The first time it happened, was actually via a text message. Someone wrote, “Who is this?” The non-cybersavvy, coffee deprived and inclined to be helpful mom in me responded with, “Sorry, I’m confused. You just texted me.”

Mystery texter responded, “I just missed a call from this number.”

Kindly, I replied, “Sorry, but I didn’t text you.”

Sometimes I get really annoyed with myself when I make these silly little mistakes that could result in something as minor as future annoyance or as critical as fraud.

Now, I get phone calls multiple times a day from a variety of different people, men and women, claiming to have just missed a call from me.

It’s called spoofing, and in the email world, it’s been around for a while. Many fraudsters have traditionally used spoofing as part of their phishing campaigns. Now, they are spoofing cell phones.

It’s a thing, though according to my tightly knit circle, it’s not happening everywhere to everyone, but I can confirm that it is happening with a variety of different cell phone providers from Sprint to AT&T.

My experience with the customer service provider at Sprint was less than helpful, so I had to go out and do some research on my own, and I’ve yet to gain clarity on whether there are any critical security risks that we cell phone users need to be wary of.

As best as I can tell, there is a risk of giving away our personal information to a fraudster, so share nothing with no one and tell your kids to do the same.

Because, “Spoofing is often used as part of an attempt to trick someone into giving away valuable personal information so it can be used in fraudulent activity or sold illegally,” the act is prohibited by the FCC.

There are all sorts of unwanted phone calls, much like junk mail that has gone from the traditional mailbox to our email boxes. It’s another marketing technique, albeit not a good one.

But, unwanted calls are different from spoofing. These are not telemarketers, and there are step beyond adding your number to a national do not call list that you can and should take if you find yourself answering a random return call that you never actually dialed.

The trick is in recognizing the fraudulent caller. When a fraudster is using the spoofing tools, “The caller ID feature is sometimes manipulated by spoofers who masquerade as representatives of banks, creditors, insurance companies, or even the government,” according to the FCC.

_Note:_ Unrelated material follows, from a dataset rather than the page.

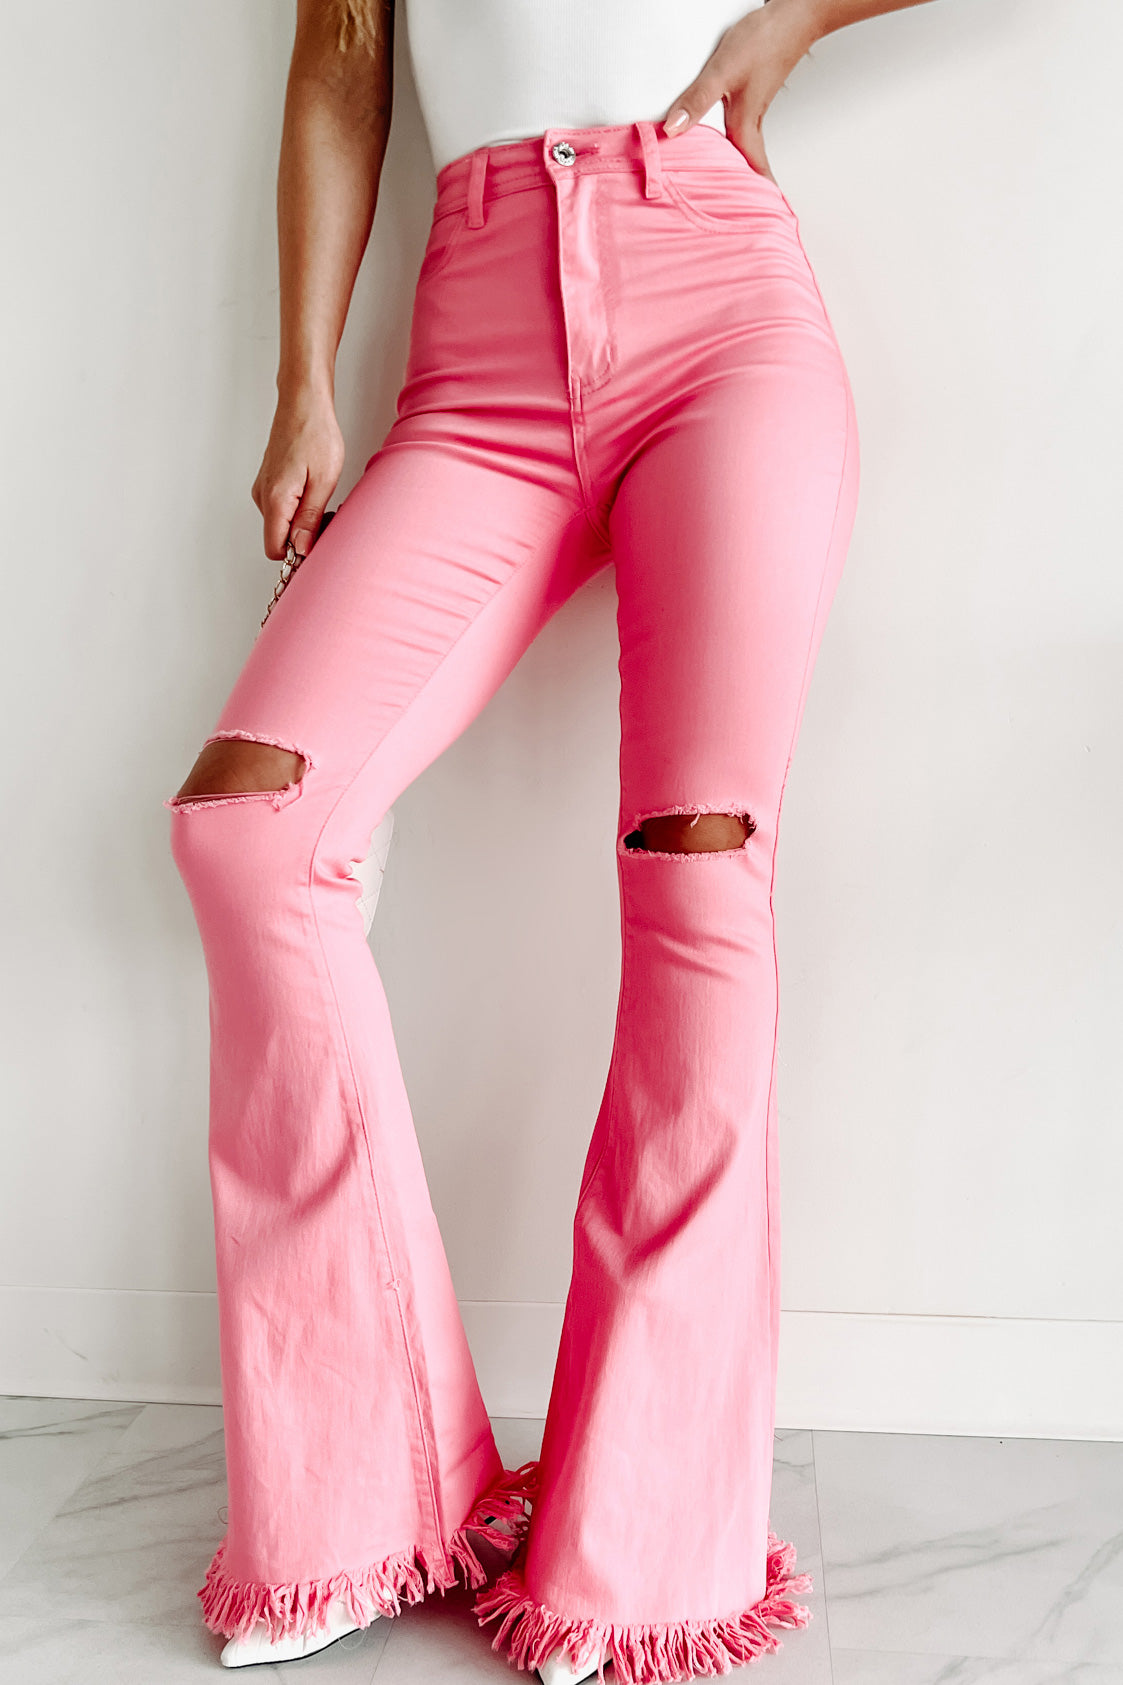 Pink Distressed Bell Bottom Jeans

Here are some peculiar details to watch for.

  1. There is no caller ID
  2. The number looks surprisingly like yours, except the last 4 digits are different
  3. It’s often the same statement, “I just missed a call from this number.”
  4. It could also be a text message asking, “Who is this?”

Your best bet is to start blocking the numbers, lest you decide to change your phone number all together. It’s an option that is offered, though a huge hassle with no guarantee that the number won’t be spoofed again.

To play it safe, just don’t answer a call unless you recognize the number, and don’t respond to random text messages. If you think your number has been compromised, you can also file a complaint with the FCC or ask your provider about Caller ID apps.